Segment Start: Data excerpt
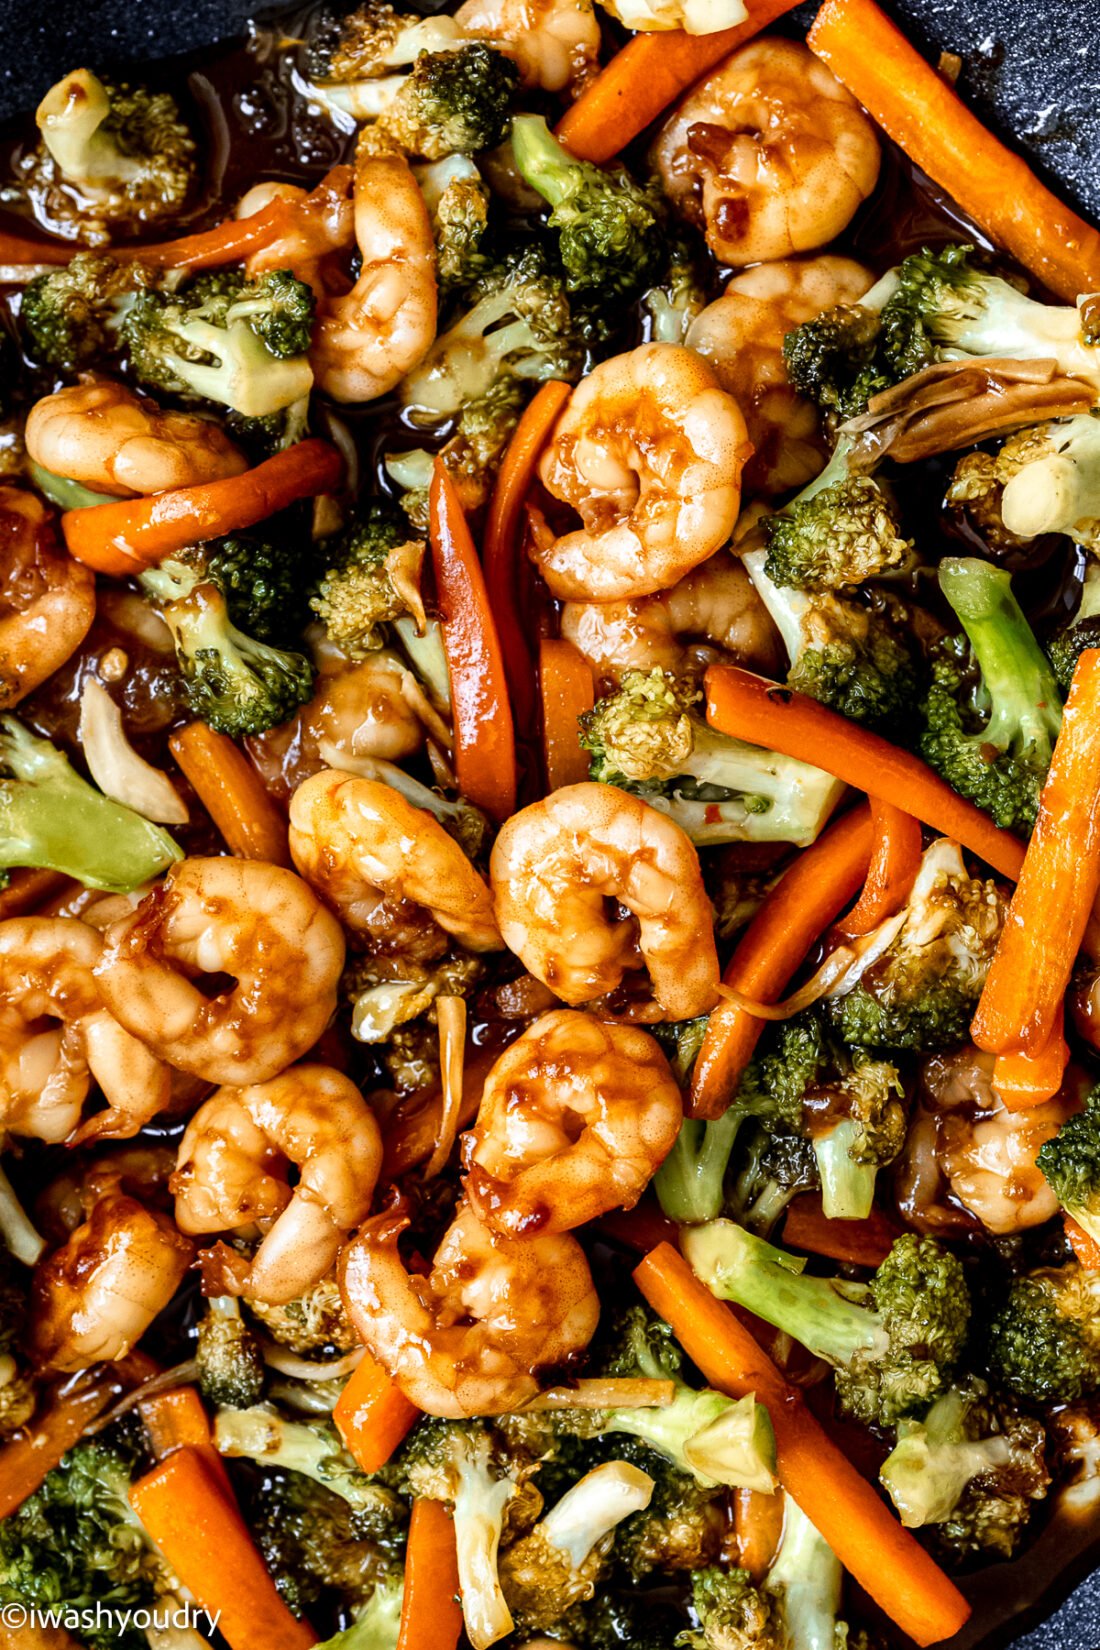 shrimp and broccoli with carrots in sauce.
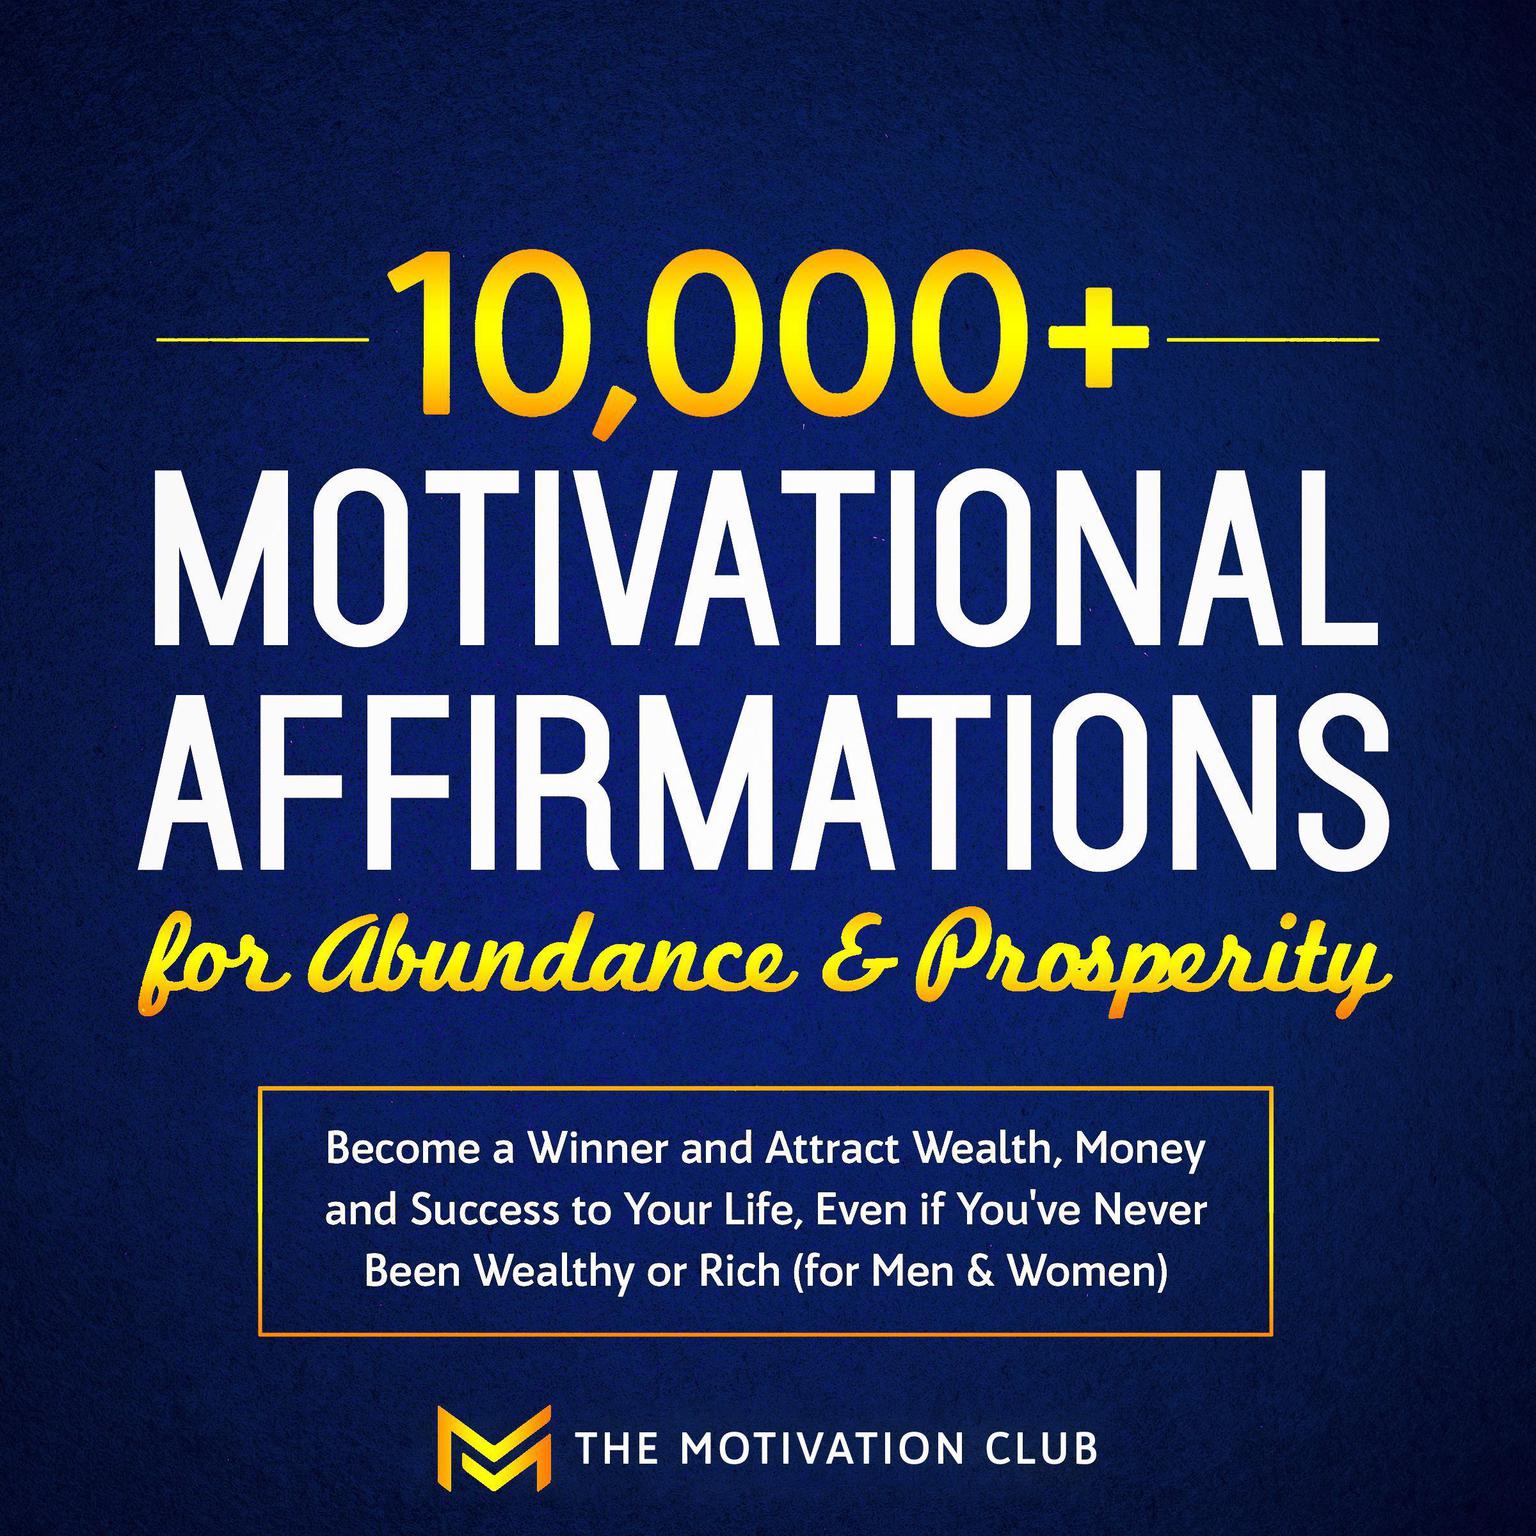 10,000+ Motivational Affirmations for Abundance and Prosperity: Become a Winner and Attract Wealth, Money and Success to Your Life Even if You’ve Never Been Wealthy or Rich (for Men & Women) Audiobook, by The Motivation Club
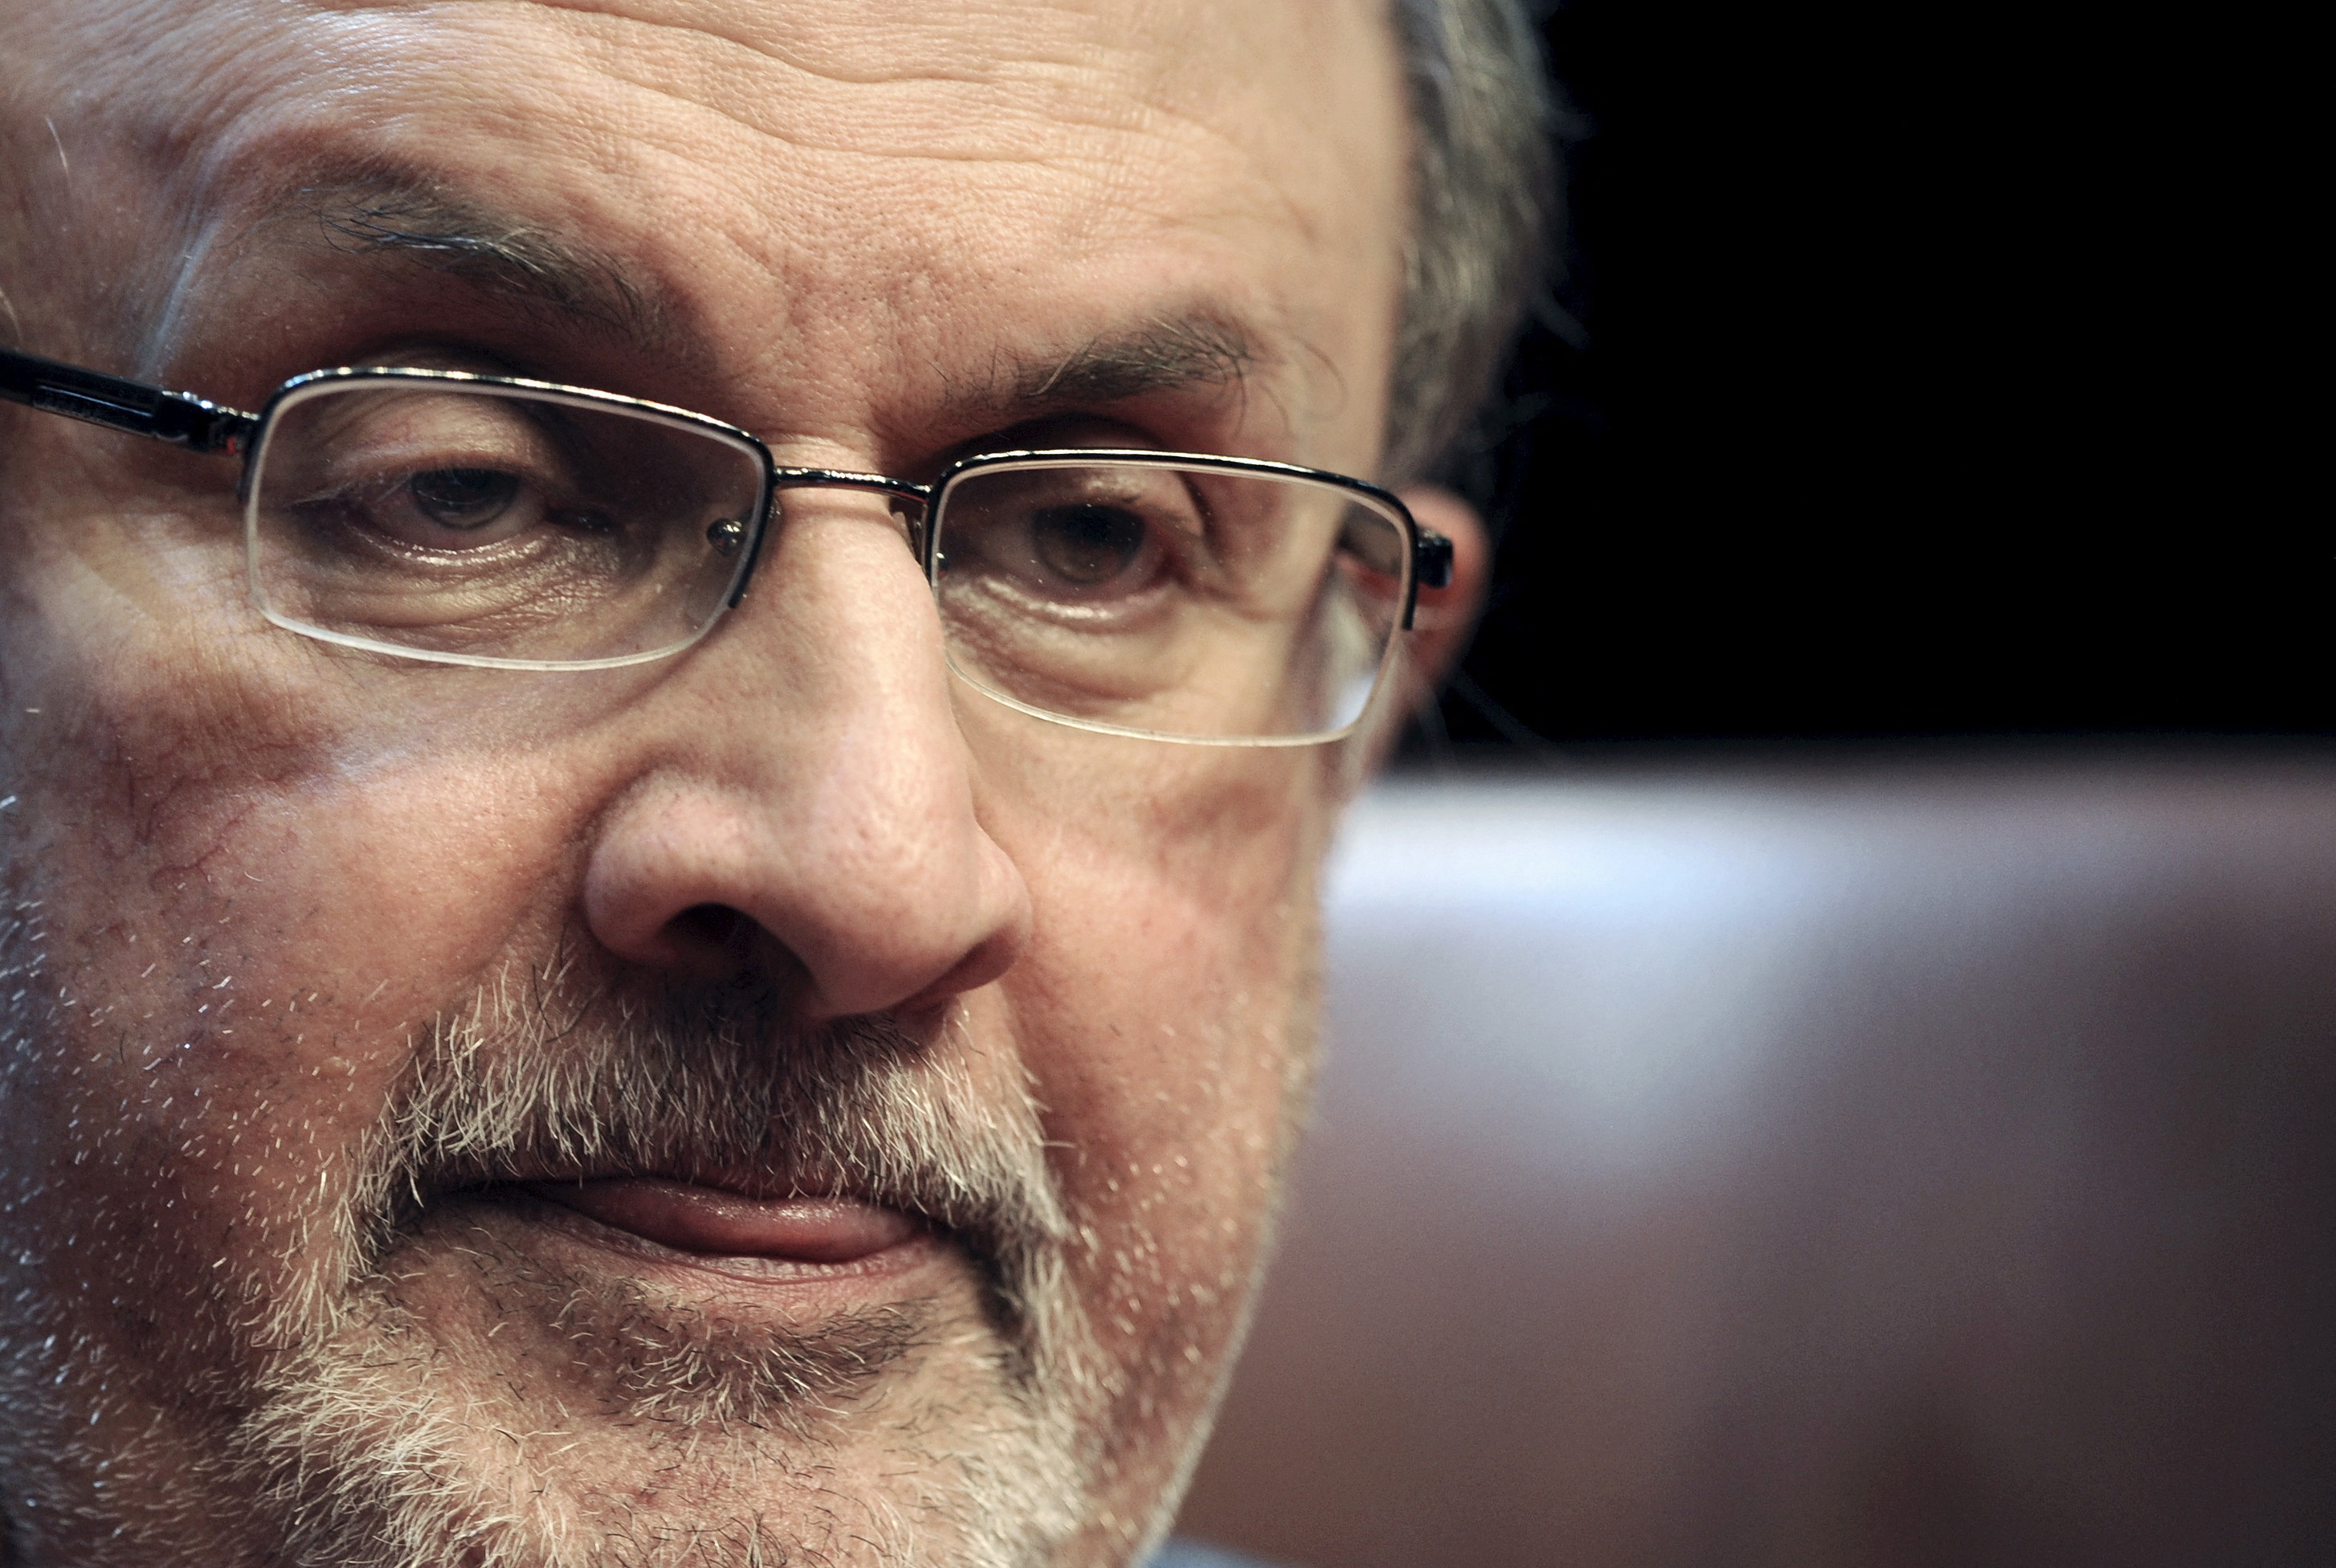 Author Rushdie reacts during a news conference before the presentation of his latest book 'Two Years Eight Months and Twenty-Eight Nights' at the Niemeyer Center in Aviles
Segment End: Data excerpt
What the task requires: Your reply should consist solely of the lines above, from the opening line through the line with "10,000+ Motivational Affirmations", reproduced exactly and without pictures.

Your solution:
 shrimp and broccoli with carrots in sauce.
 10,000+ Motivational Affirmations for Abundance and Prosperity: Become a Winner and Attract Wealth, Money and Success to Your Life Even if You’ve Never Been Wealthy or Rich (for Men & Women) Audiobook, by The Motivation Club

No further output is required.